1. Explore the dataset

SELECT *
FROM social_media;

Output:

username month posts followers_change
ladygaga 1 32 6.27
ladygaga 2 39 4.71
ladygaga 3 39 5.73
ladygaga 4 41 5.43
ladygaga 5 45 4.99
ladygaga 6 5 2.52
ladygaga 7 41 4.61
ladygaga 8 44 3.91
cristiano 1 21 5.33
cristiano 2 19 4.93
cristiano 3 7 4.3
cristiano 4 17 5.74
cristiano 5 20 5.81
cristiano 6 19 5.74
cristiano 7 15 5.99
cristiano 8 21 4.6
arianagrande 1 12 3.69
arianagrande 2 22 4.4
arianagrande 3 14 4.93
arianagrande 4 22 4.12
arianagrande 5 48 5.47
arianagrande 6 14 4.01
arianagrande 7 23 3.71
arianagrande 8 24 4.02
therock 1 44 3.75
therock 2 44 3.15
therock 3 36 3.5
therock 4 56 4.4
therock 5 70 3.77
therock 6 19 3.25
therock 7 62 3.54
therock 8 56 4.32
aliaabhatt 1 9 1.15
aliaabhatt 2 14 1.16
aliaabhatt 3 25 1.52
aliaabhatt 4 9 1.57
aliaabhatt 5 9 1.47
aliaabhatt 6 7 -0.76
aliaabhatt 7 5 1.09
aliaabhatt 8 13 1
theellenshow 1 129 1.76
theellenshow 2 123 1.43
theellenshow 3 126 1.88
theellenshow 4 104 1.41
theellenshow 5 121 1.73
theellenshow 6 72 1.26
theellenshow 7 30 1.16
theellenshow 8 0 0.79
leomessi 1 2 0.03
leomessi 2 4 0.01
leomessi 3 1 0.02
leomessi 4 3 0.01
leomessi 5 2 0.01
leomessi 6 1 0.01
leomessi 7 0 0.03
leomessi 8 2 0.05

2. Select all the monthly data stored in the dataset, but only for accounts with a total number of posts greater than 300 over the 8 months.
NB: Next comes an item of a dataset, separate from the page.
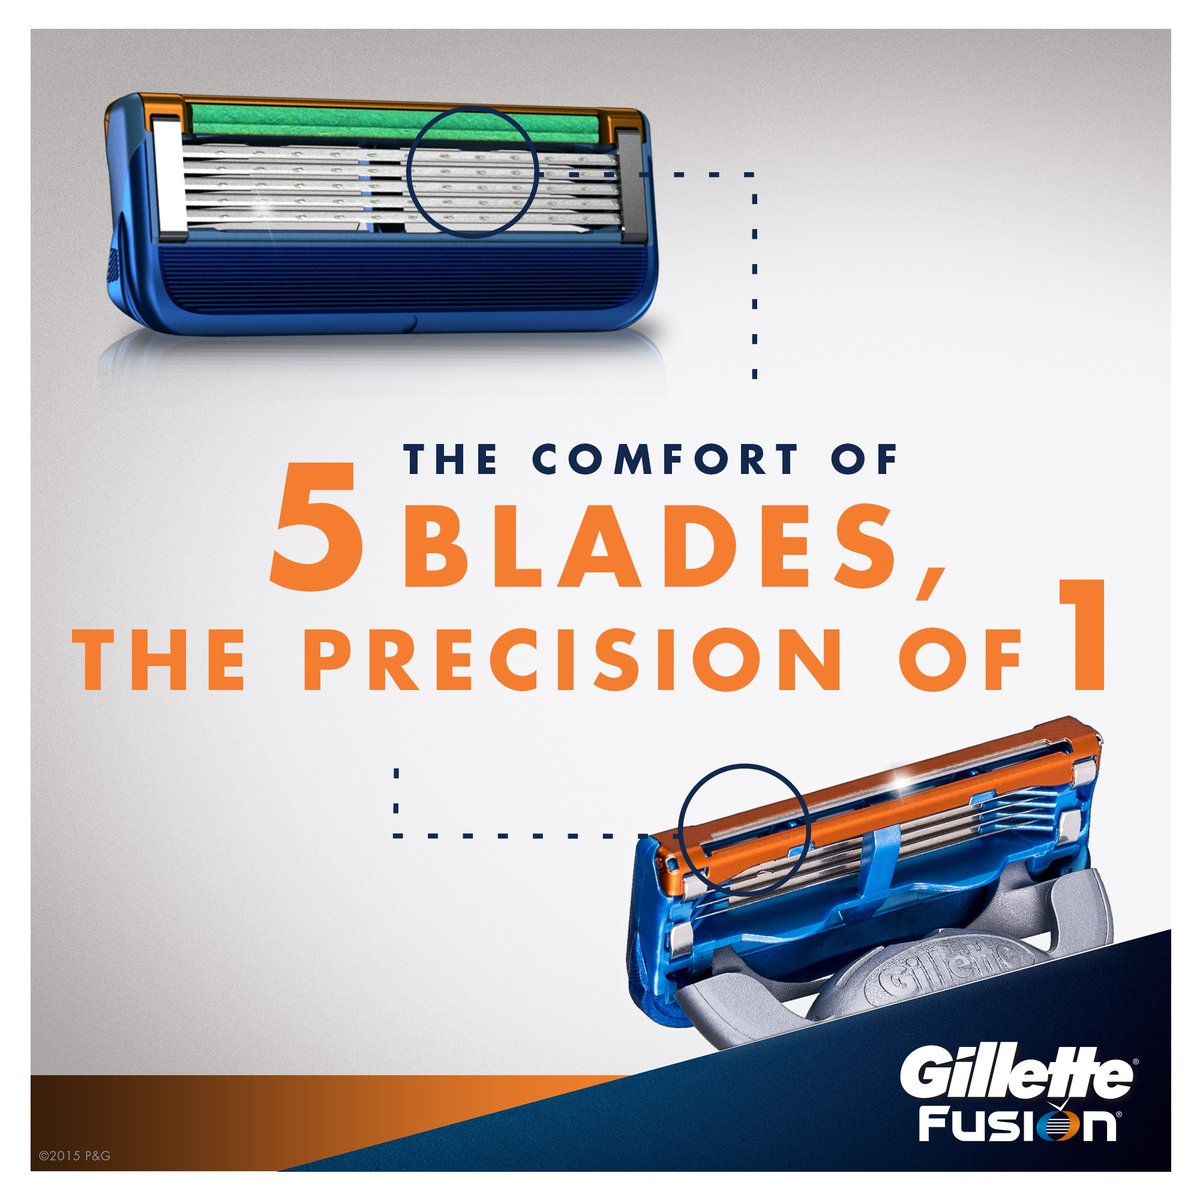 Gillette Fusion 5 Razor Blade Refills 6 pcs

Add a column to the table showing the running total of followers after each month

WITH filtered_table AS(
  SELECT *
  FROM social_media
  WHERE username IN(
    SELECT username
    FROM social_media
    GROUP BY username
    HAVING SUM(posts) > 300
    )
)
SELECT username, month, posts, followers_change,
  ROUND(SUM(followers_change) OVER (
    PARTITION BY username 
    ORDER BY month
  ), 2) AS 'followers_running_tot'
FROM filtered_table;

Output:

username month posts followers_change followers_running_tot
theellenshow 1 129 1.76 1.76
theellenshow 2 123 1.43 3.19
theellenshow 3 126 1.88 5.07
theellenshow 4 104 1.41 6.48
theellenshow 5 121 1.73 8.21
theellenshow 6 72 1.26 9.47
theellenshow 7 30 1.16 10.63
theellenshow 8 0 0.79 11.42
therock 1 44 3.75 3.75
therock 2 44 3.15 6.9
therock 3 36 3.5 10.4
therock 4 56 4.4 14.8
therock 5 70 3.77 18.57
therock 6 19 3.25 21.82
therock 7 62 3.54 25.36
therock 8 56 4.32 29.68

Visualisation of Results

The results were imported into RStudio (data analysis in R programming language) to visualise the results using the ggplot2 library. There was particular interest in how the total number of followers for each account changed throughout the months analysed:

Funnel for Mattresses and More

-Joins and Aggregates for Business Analytics-

Introduction

Mattresses and More is a bedding essentials e-commerce store. Their purchase funnel is:

  1. User browses products and adds them to shopping cart

  2. User views shopping cart and proceeds to checkout page

  3. Use enters payment details and purchases the products

The Management Team is requesting to see the conversion of users from the browse to the checkout stage, and from the checkout to the purchase stage. As a sales analyst, I am tasked to provide this information, as well as to examine the trend in the data on the approach to Christmas Day.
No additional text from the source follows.